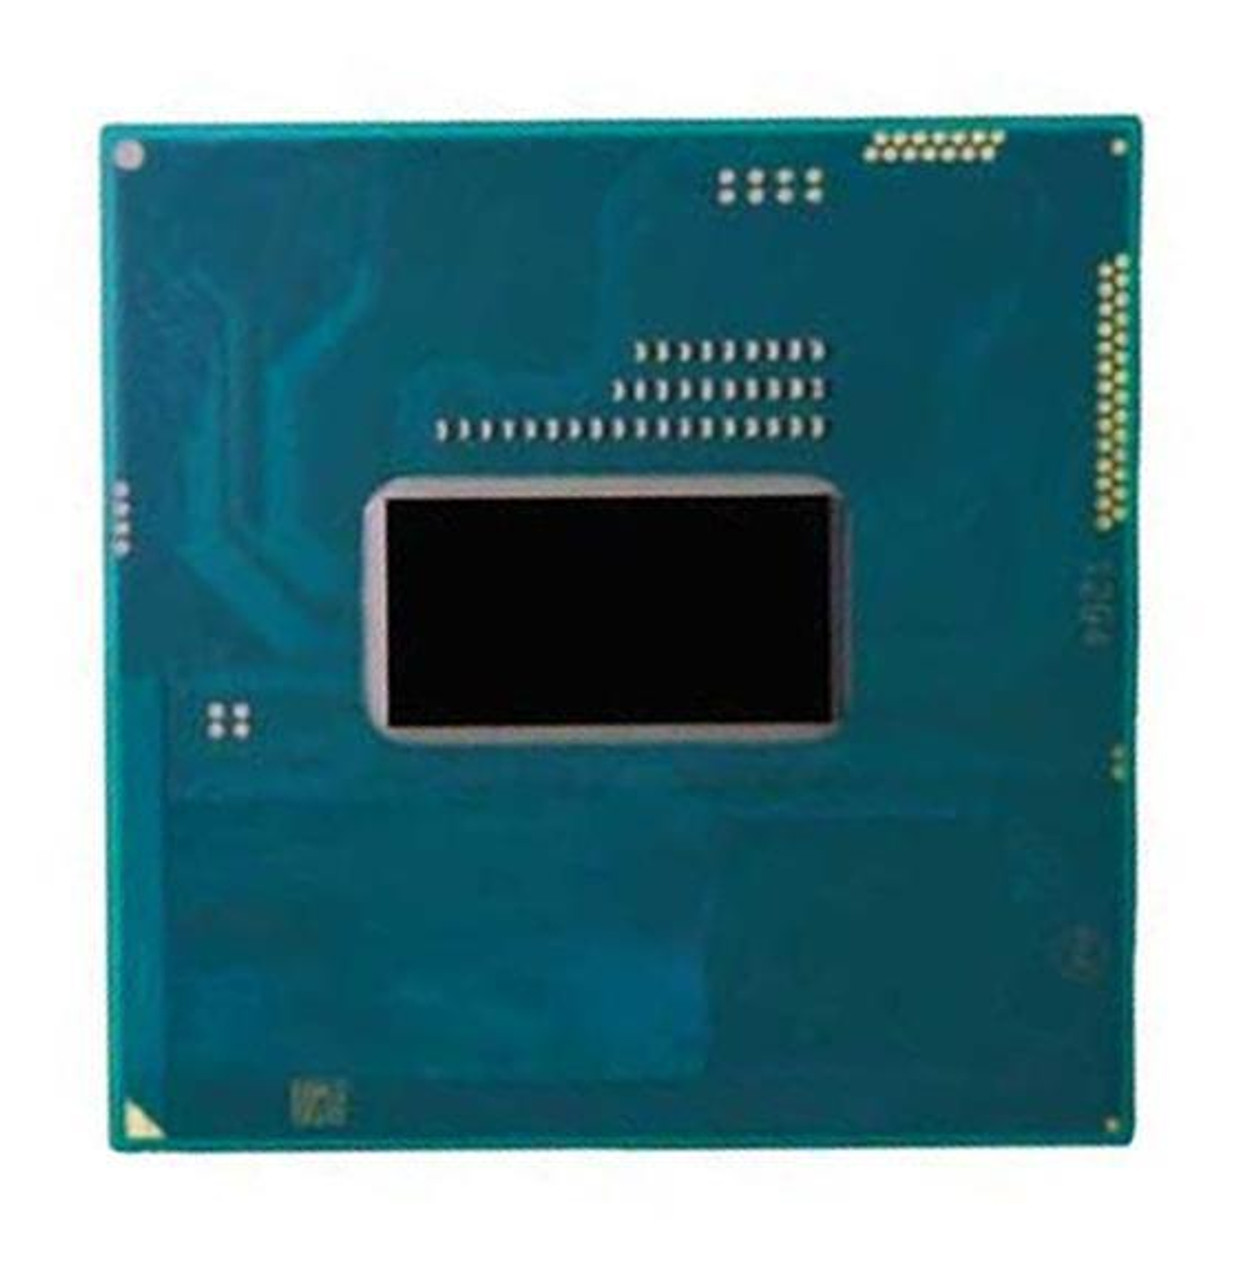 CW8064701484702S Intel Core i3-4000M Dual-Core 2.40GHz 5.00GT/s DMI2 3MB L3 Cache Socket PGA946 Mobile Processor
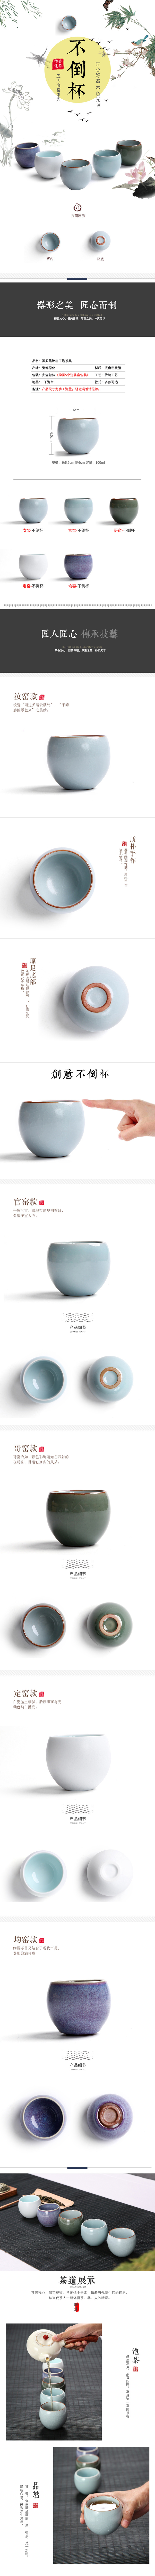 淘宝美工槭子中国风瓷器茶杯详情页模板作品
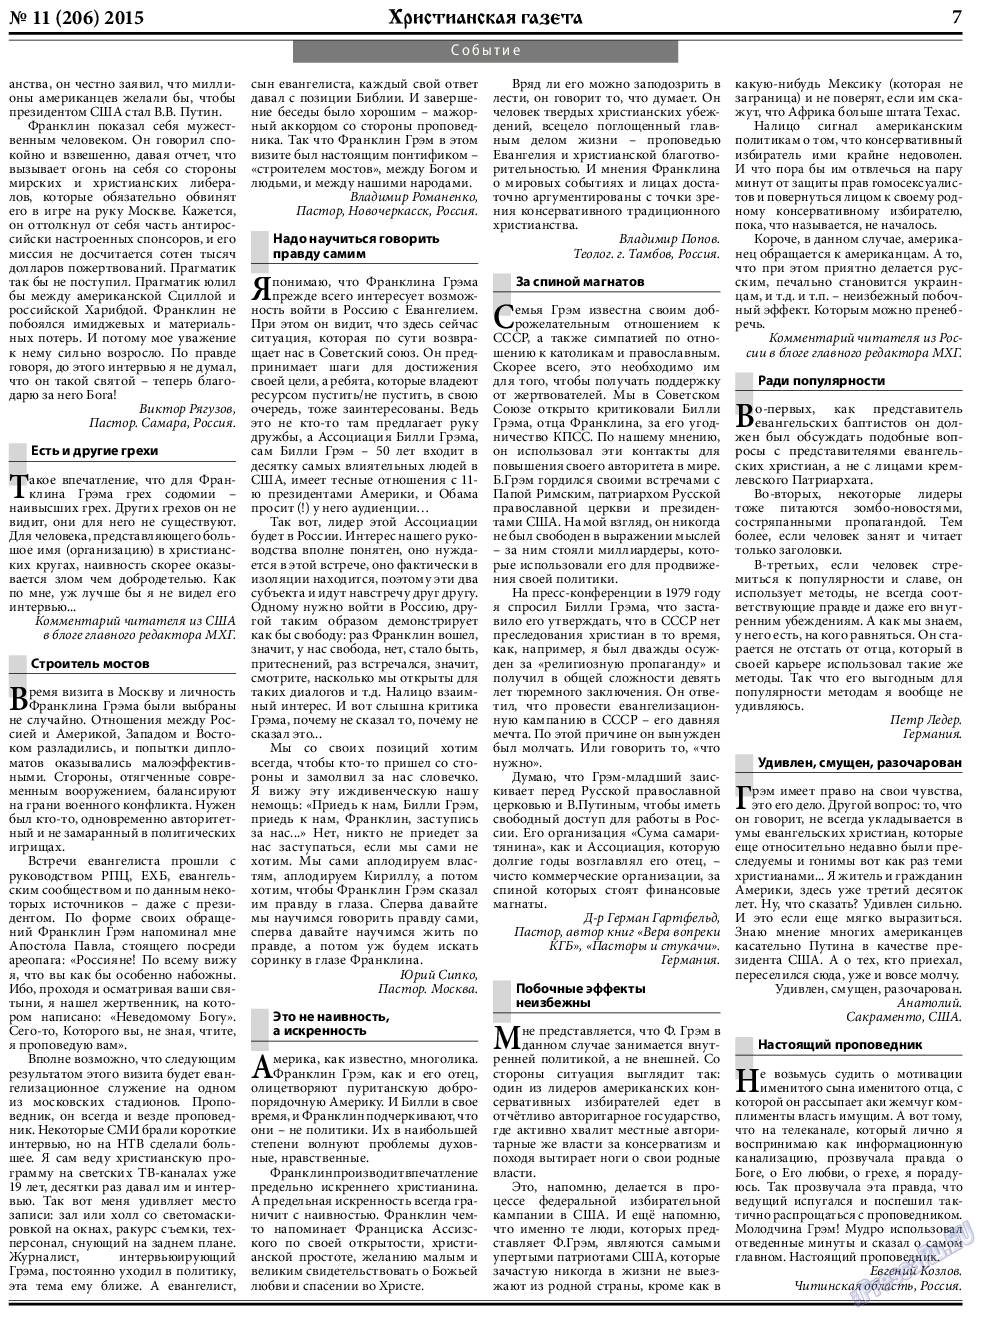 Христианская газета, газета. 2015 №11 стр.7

__YOUR ASSIGNMENT__
Exclude the images and reproduce the remaining data exactly.

__RESPONSE BOX__
 CW8064701484702S Intel Core i3-4000M Dual-Core 2.40GHz 5.00GT/s DMI2 3MB L3 Cache Socket PGA946 Mobile Processor
 淘宝美工槭子中国风瓷器茶杯详情页模板作品
 Христианская газета, газета. 2015 №11 стр.7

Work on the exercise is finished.